Они втроем дружно гаркнули: «Мазаль тов!» — Зяма громче Хаима и Наоми, она всегда радовалась прибавлению в Неве-Эфраиме.
— Опять — мальчик?! — в притворном ужасе воскликнула Наоми Шиндлер. — Когда же будет девочка наконец?
Джинджик покраснел еще гуще и сказал:
— В будущем году, с Божьей помощью.
— Ты уже видел маленького?
— Да! — сказал Джинджик, сияя. — Он такой мотэк! Папа сказал, мы назовем его Ицхак-Даниэль.
— Замечательно, — сказал Хаим, заворачивая в улочку перед мечетью. — Всем отстегнуть ремни.
Вот эти три минуты были как три глубоких вдоха. Вдох: резкий поворот направо, магазин бытовых товаров, вилла с цветными стеклышками в окнах террасы, запущенный пустырек с тремя могилами; вдох: поворот налево, глухой забор с двух сторон, и, следовательно, возможность заработать камень, бутылку «Молотова», пулю; вдох: еще налево и круто вверх, приземистые дома с помойками, ряды оливковых деревьев, последний арабский дом, несколько метров пустой дороги и, наконец, ворота, шлагбаум, будка охранника: выдох, выдох, вы-ы-ы-дох…
Хаим гуднул перед шлагбаумом, в окне будки показалась белесая физиономия Иоськи Шаевича. Он махнул рукой, шлагбаум поднялся, они въехали на территорию поселения Неве-Эфраим.
— Зьяма, — сказала Наоми Шиндлер, — твой пес опять нагадил на моем участке.
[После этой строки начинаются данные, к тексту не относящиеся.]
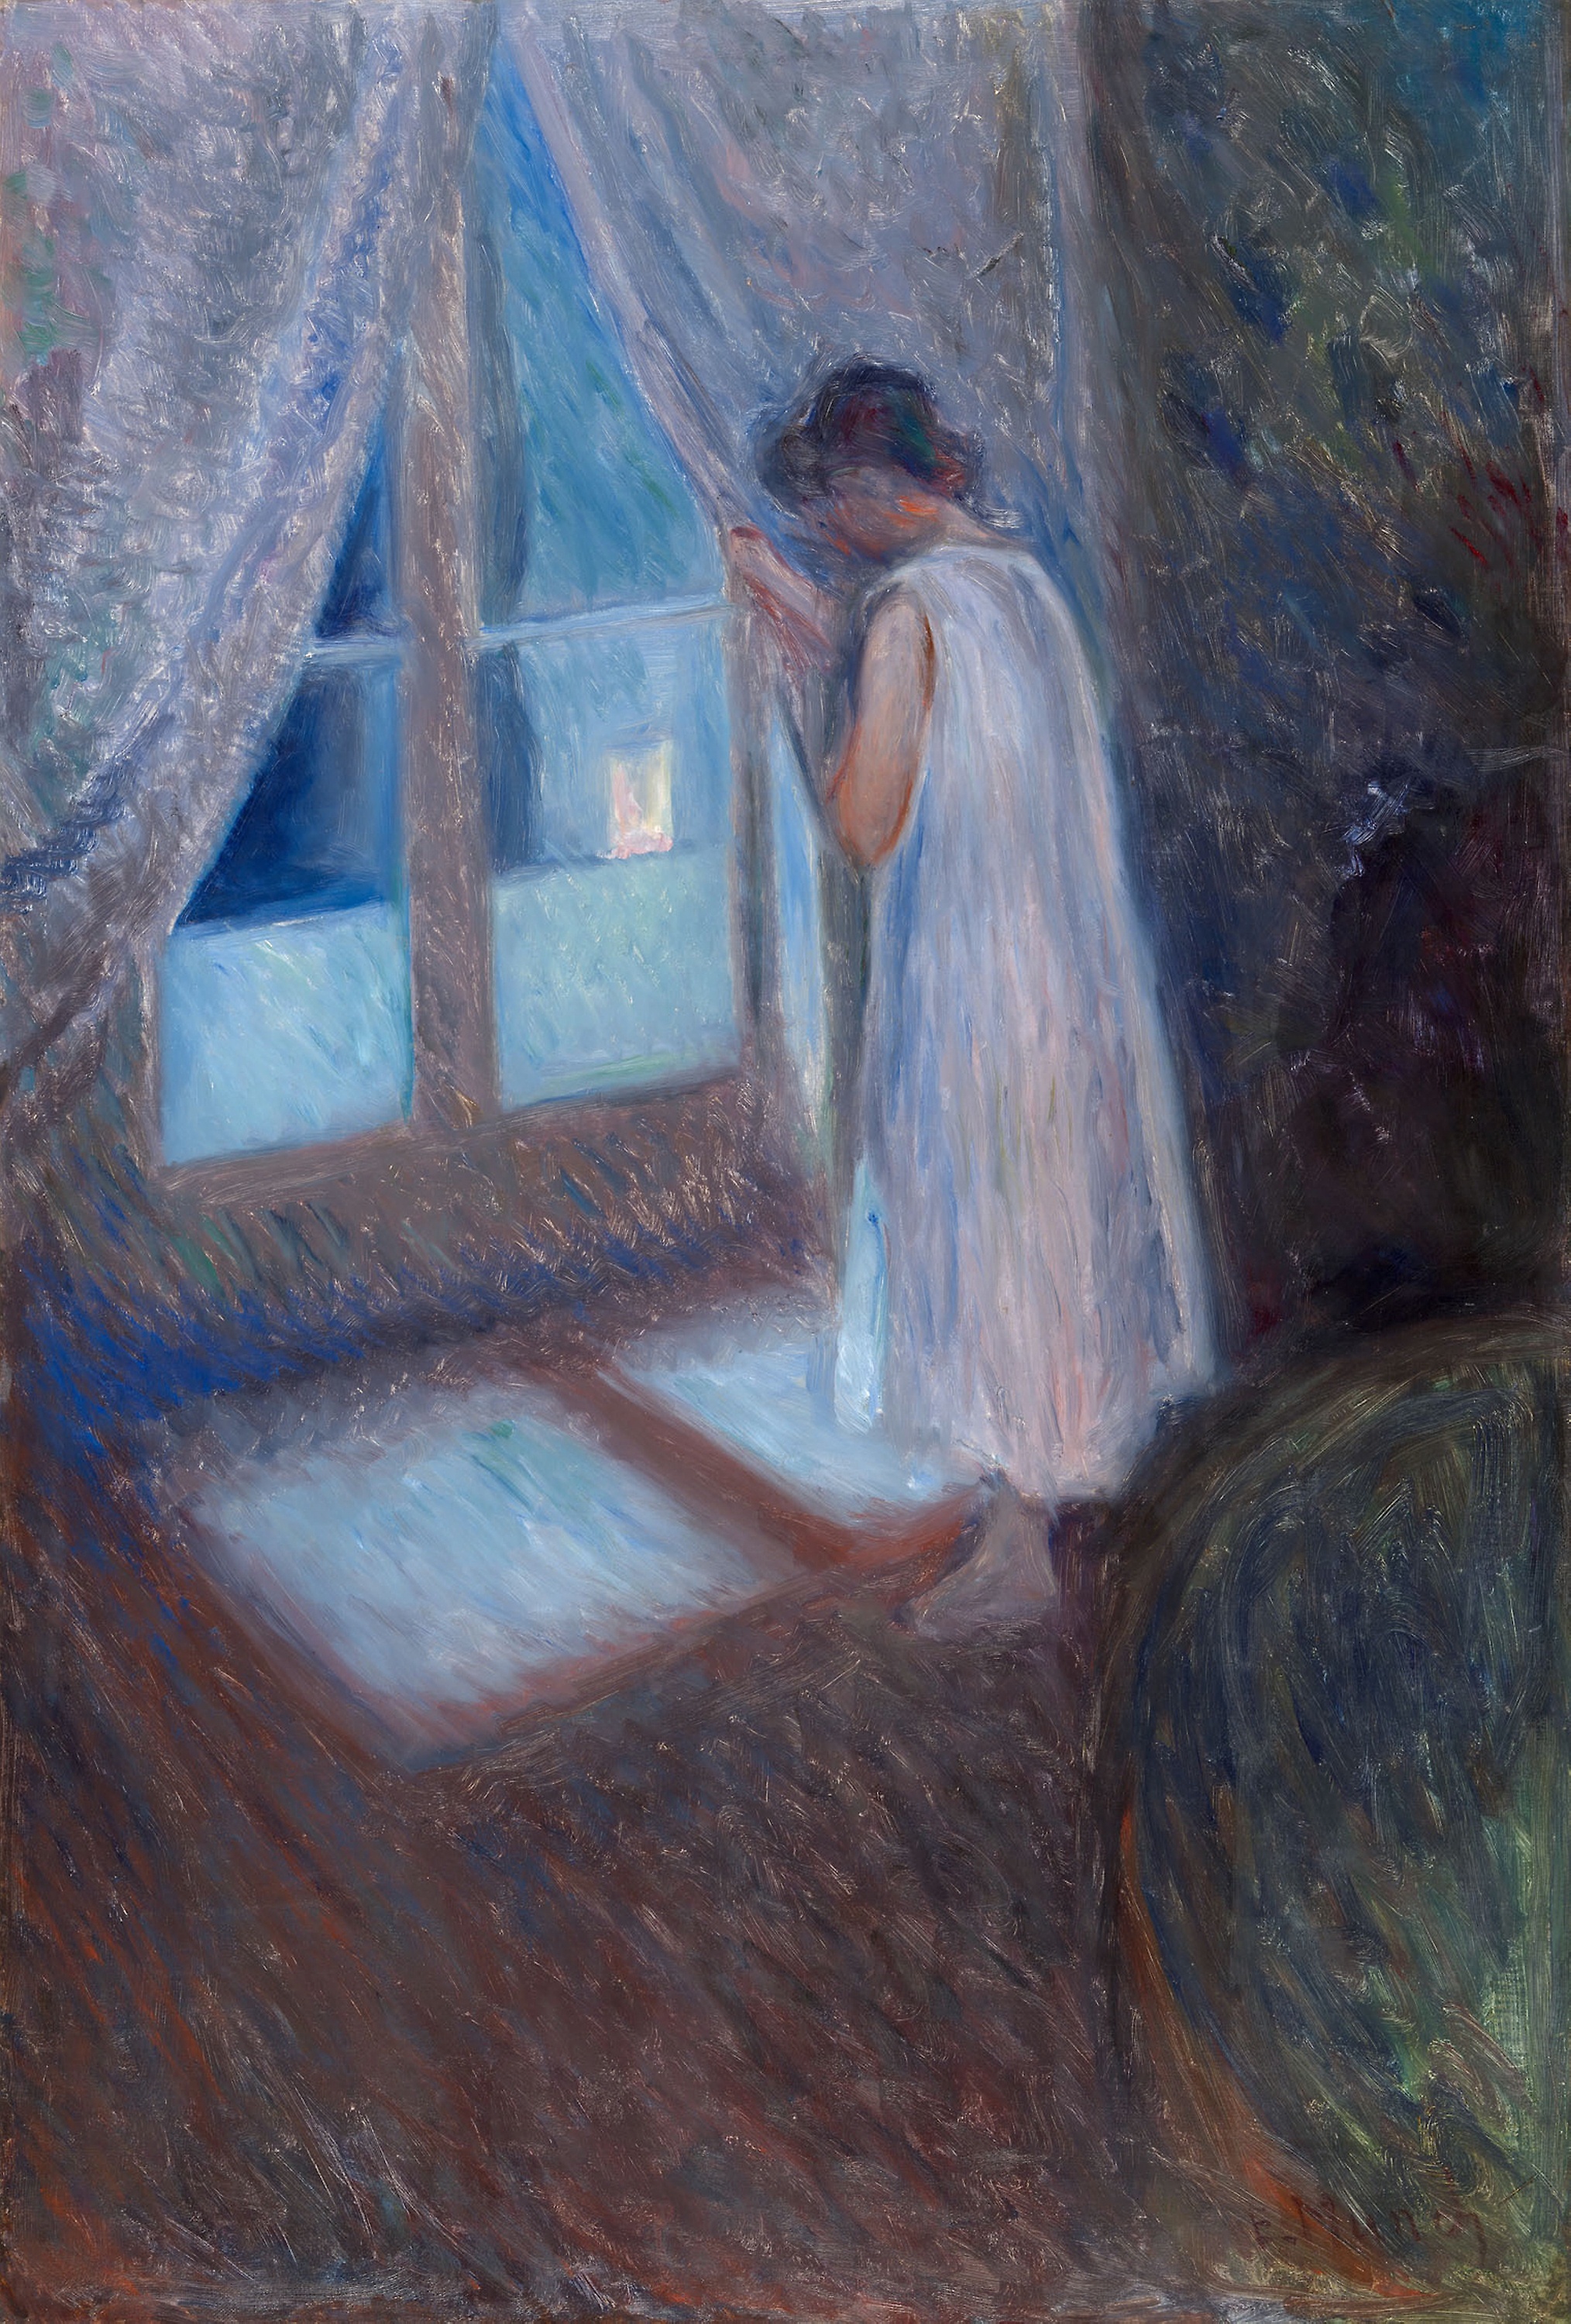 La Fille à la Fenêtre by Edvard Munch - 1893 - 96.5 × 65.4 cm Art Institute of Chicago

— Что ты говоришь! — воскликнула Зяма, делая вид, что удивляется и негодует. — Я ему скажу!
Джинджика и Наоми высадили возле водонапорной башни, а Зяму Хаим всегда высаживал на том краю поселения, где под гору спускались ряды вагончиков. В них жили семьи, недавно приехавшие сюда и еще не вросшие в эту вершину, еще не решившие — врастать ли в это опасное место.
— Как твоя спина? — спросила она Хаима, приоткрывая дверцу машины.
— Болит, как болела, майн кинд.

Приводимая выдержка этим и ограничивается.